The overall process of setting up the knowledge base, splitting documents, generating embeddings, and storing them in a vector database falls under the data ingestion process. You can review the complete data ingestion logic (ingest.js) here.

Once we've prepared our knowledge base and implemented the ingestion logic, we can run the data ingestion using node ingest.js. This will split large documents into chunks, create embeddings for the split chunks, and store them in a vector database for efficient retrieval.

RAG - Data Ingestion

Retrieving Context for User Queries

Now comes the main part of retrieving relevant context that is related to the user's query, so that the LLM can generate an accurate and domain-specific response.

js
import { Ollama } from 'ollama'

async function processQuery(query) {
  const ollama = new Ollama({ host: 'http://localhost:11434' })

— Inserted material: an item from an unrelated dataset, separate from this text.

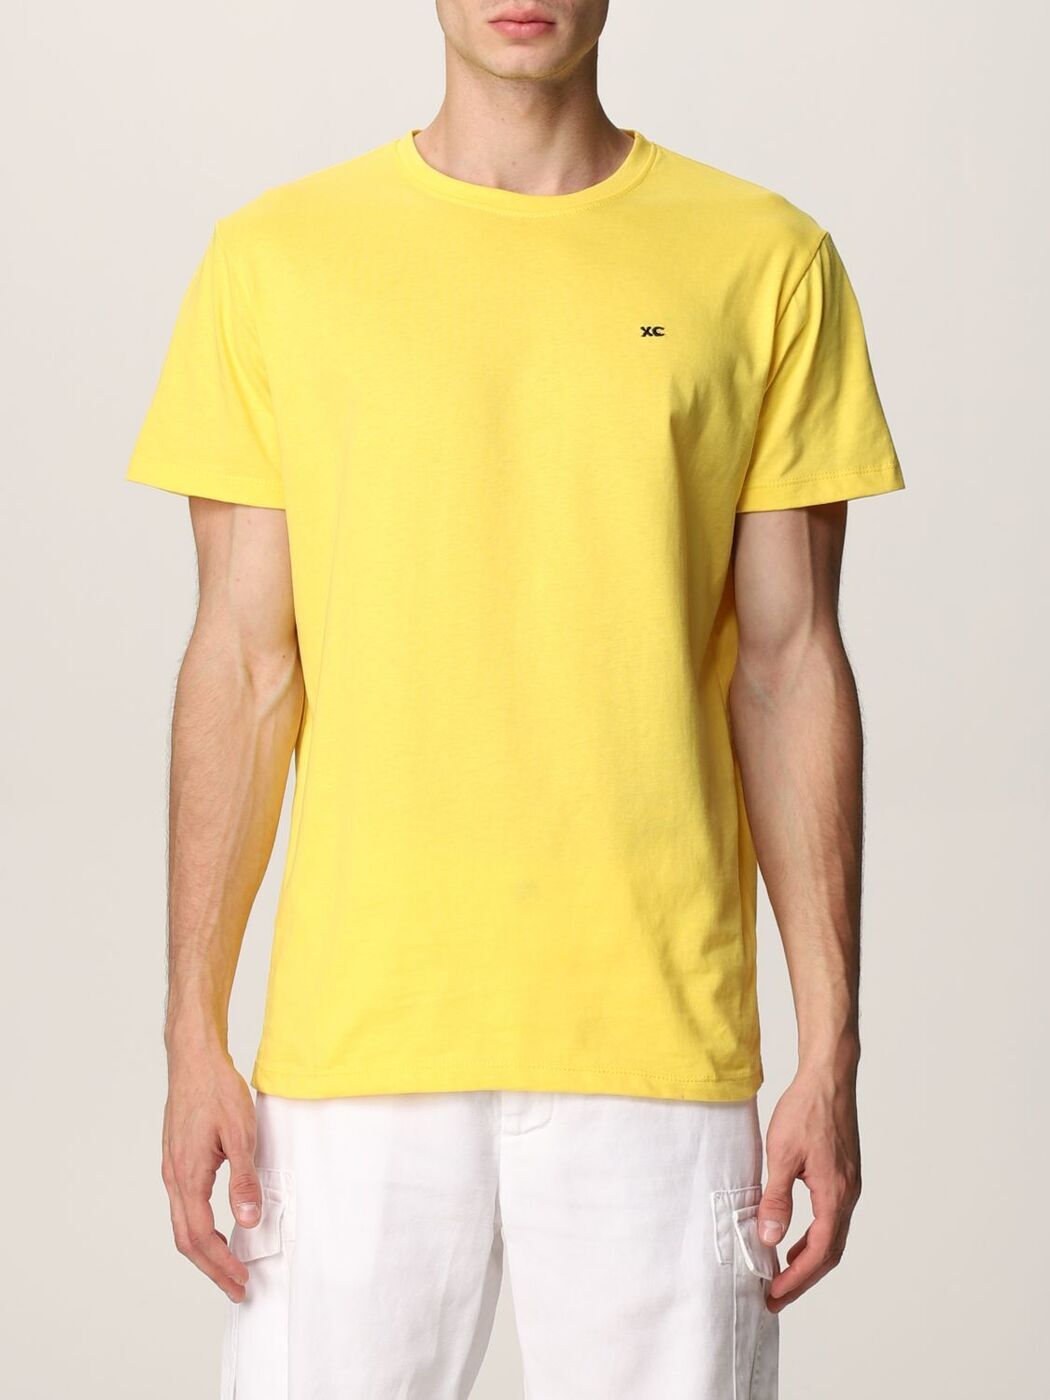 【土日限定クーポン配布中！】 XC クロスシー イエロー Yellow Tシャツ メンズ 春夏2021 004 【関税・送料無料】【ラッピング無料】 gi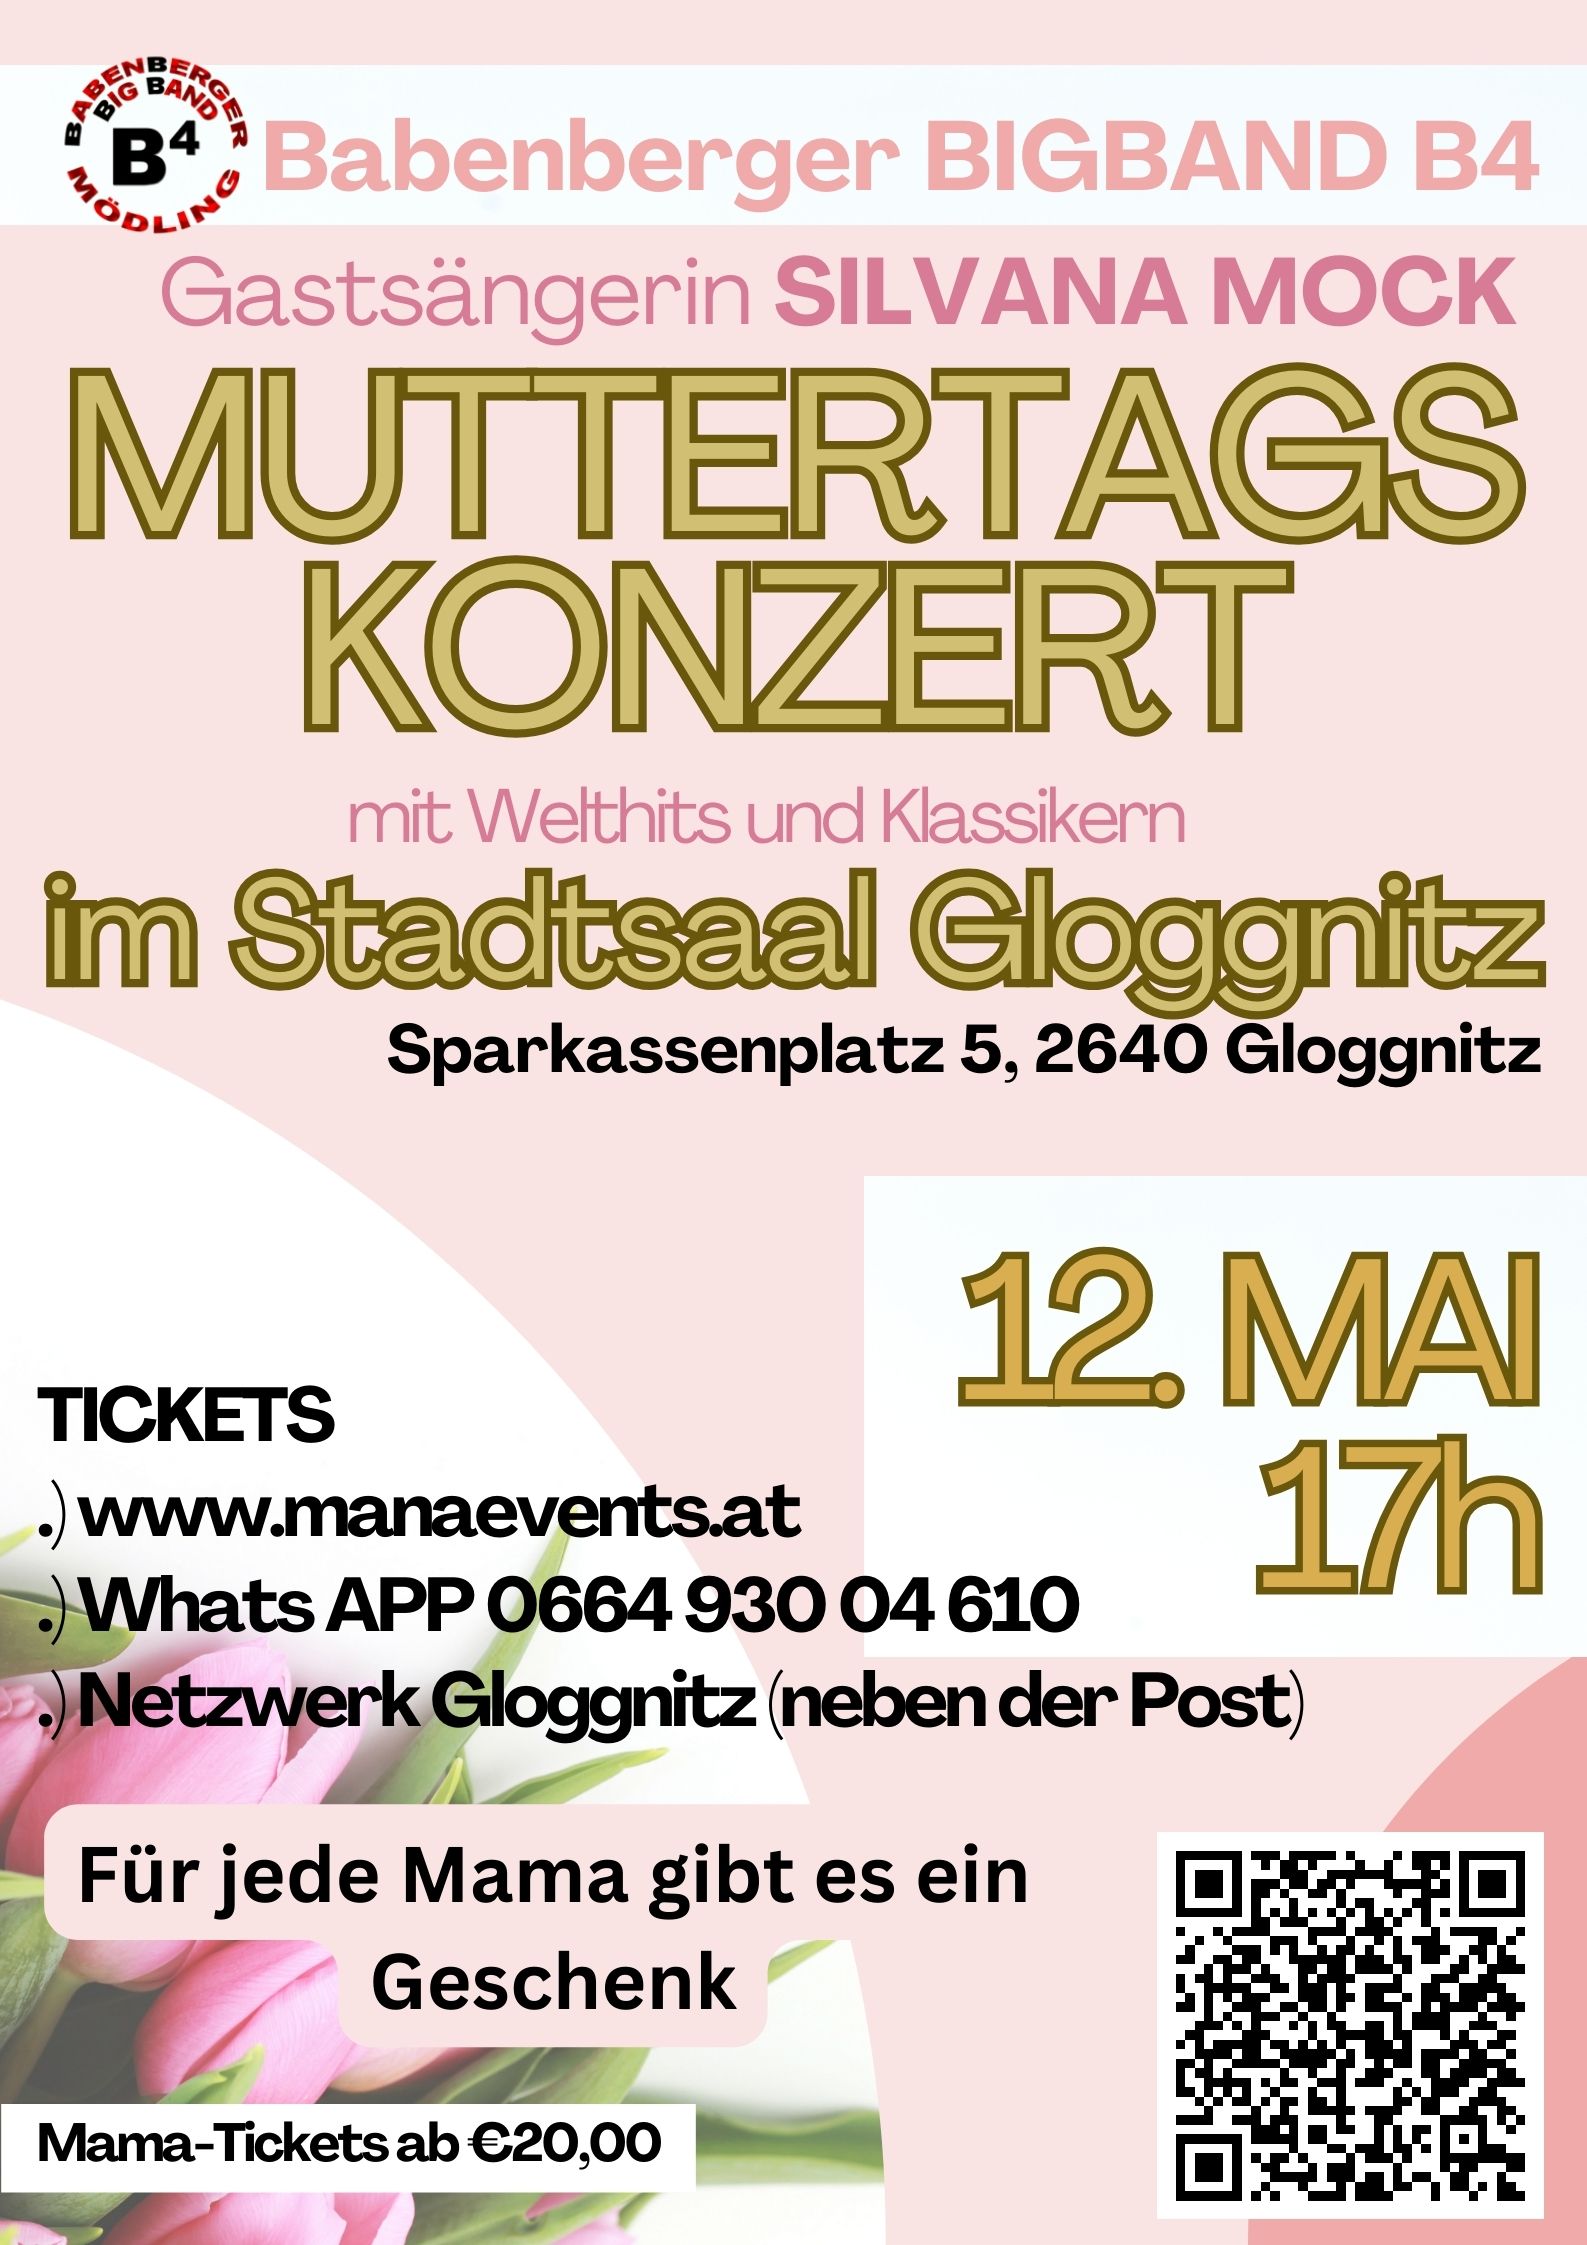 LEiDER ABGESAGT! Muttertagskonzert mit Welthits und Klassikern im Stadtsaal Gloggnitz

  const dbPath = path.resolve('./db')
  const db = await connect(dbPath)

  const table = await db.openTable('knowledge_vectors')
  const queryEmbedding = await client.embeddings({
    'mxbai-embed-large',
    prompt: query,
  })
  const results = await table.vectorSearch(queryEmbedding).limit(2).toArray()
  const context = results.map((r) => r.text).join('\n\n')
  console.log('Retrieved Context:', context)
}

In the provided code snippet above (index.js), we'll generate an embedding of the user's query using the embedding model mxbai-embed-large. We need to use the same embedding model that was used to store the embeddings generated from the chunks of the knowledge base.

Generating Responses

Once the embedding of the user's query is generated, we perform a vector search in the knowledge_vectors database table to find the most similar data.

RAG - Retrieving Context

When asked, "What’s the warranty period?", it was able to retrieve the following context:

bash
...

15. What’s the warranty period?
It comes with a 1-year limited warranty covering defects in materials or workmanship.

...

Now comes the final part of RAG: generating a response using the prompt that includes both the user's query and the retrieved context.

js
async function generateResponse(query, context) {
  const ollama = new Ollama({ host: 'http://localhost:11434' })

  const prompt = `
    You are a helpful AI agent specialized as customer service representative for LuminSphere with the following information:
    ${context}

    Your task is to answer the question based on the information above.

    Question: ${query}
  `

  const response = await ollama.generate({
    model,
    prompt
  })
  console.log(response)
}

RAG - Generation

That's it! We have successfully implemented a RAG-based system using NodeJS, Ollama, and other libraries. To view the full source code, you can visit the repo. The repo contains examples of both Ollama and OpenAI implementations.